Define Lyapunov function (energy) for symmetric component of $W$:

$$E(\mathbf{r}) = -\frac{1}{2} \mathbf{r}^T W_S \mathbf{r} - \mathbf{b}^T \mathbf{r} + \sum_i \int_0^{r_i} f^{-1}(x) dx$$

where $W_S = (W + W^T)/2$ is symmetric part.

For asymmetric $W$:
$$W = W_S + W_A$$
where $W_A = (W - W^T)/2$ is antisymmetric.

### 3.2 Gradient and Circulatory Dynamics

Dynamics decompose into:

$$\frac{d\mathbf{r}}{dt} = -\nabla E(\mathbf{r}) + W_A \mathbf{r}$$

- Gradient term: $-\nabla E$ drives toward minima
- Circulatory term: $W_A \mathbf{r}$ causes rotation in state space

**Key insight**: $W_A \neq 0$ (asymmetric connectivity) enables limit cycles and time crystals.

### 3.3 Floquet Effective Hamiltonian

For periodically driven system, define effective Hamiltonian via Magnus expansion:

$$H_{\text{eff}} = H_0 + \sum_{n=1}^{\infty} H_{\text{eff}}^{(n)}$$

where:

$$H_0 = \frac{1}{T} \int_0^T H(t) dt$$

$$H_{\text{eff}}^{(1)} = \frac{1}{2T} \int_0^T dt_1 \int_0^{t_1} dt_2 \, [H(t_1), H(t_2)]$$

Higher orders involve nested commutators.

### 3.4 High-Frequency Limit

For $\omega_0 \tau \gg 1$ (high-frequency driving relative to neural timescale):

$$H_{\text{eff}} \approx H_0 + \mathcal{O}(1/\omega_0)$$

System approximately described by time-averaged Hamiltonian.
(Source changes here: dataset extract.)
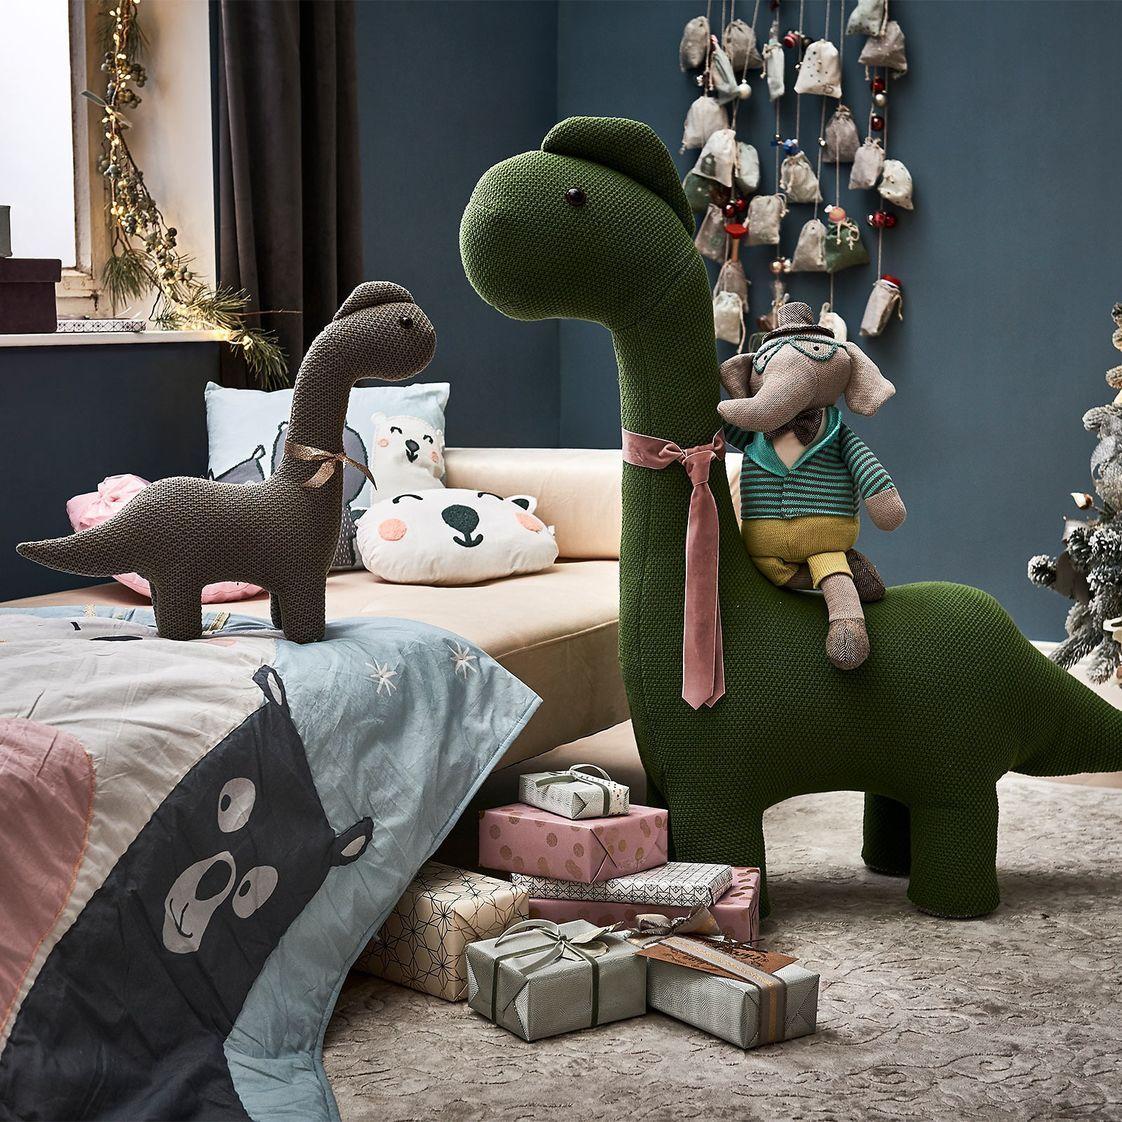 Hocker Dino, 92x28x105cm, grün Kinderzimmer deko, Kinder

**CTC emergence**: Corrections $H_{\text{eff}}^{(n)}$ create frequency-dependent interactions enabling subharmonic responses.

---

## 4. Prethermal Dynamics and Heating

### 4.1 Heating Rate

Floquet systems generally absorb energy and heat to infinite temperature. Heating rate:

$$\frac{dE}{dt} = \gamma E$$

where $\gamma$ depends on drive frequency and system properties.

### 4.2 Prethermal Regime

For sufficiently fast driving ($\omega_0 \gg \omega_{\text{local}}$):

$$t_{\text{pretherm}} \sim \frac{1}{\gamma} e^{c \omega_0/\omega_{\text{local}}}$$

where $c$ is a constant, $\omega_{\text{local}}$ is local energy scale.

**CTC lifetime**: Must have $t_{\text{WM}} \ll t_{\text{pretherm}}$

For theta oscillations (8 Hz) and neural timescales (100 Hz):
$$\omega_0/\omega_{\text{local}} \sim 0.08 \implies t_{\text{pretherm}} \sim e^{0.08c}$$

With appropriate parameters, $t_{\text{pretherm}}$ can be seconds to minutes.

### 4.3 Dissipation and Stabilization

Including dissipation via coupling to heat bath:

$$\tau \frac{d\mathbf{r}}{dt} = -\mathbf{r} + f(W\mathbf{r} + \mathbf{I}(t)) - \gamma_D (\mathbf{r} - \mathbf{r}_{\text{rest}}) + \boldsymbol{\eta}(t)$$

Dissipation term $-\gamma_D (\mathbf{r} - \mathbf{r}_{\text{rest}})$ removes energy, preventing heating.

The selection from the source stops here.